Retype the whole listing exactly.
(Collected data Opens)
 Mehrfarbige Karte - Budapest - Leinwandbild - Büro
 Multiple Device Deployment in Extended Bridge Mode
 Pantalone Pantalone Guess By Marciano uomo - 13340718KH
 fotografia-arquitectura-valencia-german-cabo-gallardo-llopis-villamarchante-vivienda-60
(Collected data Closes)
■ **Response area**
 Mehrfarbige Karte - Budapest - Leinwandbild - Büro
 Multiple Device Deployment in Extended Bridge Mode
 Pantalone Pantalone Guess By Marciano uomo - 13340718KH
 fotografia-arquitectura-valencia-german-cabo-gallardo-llopis-villamarchante-vivienda-60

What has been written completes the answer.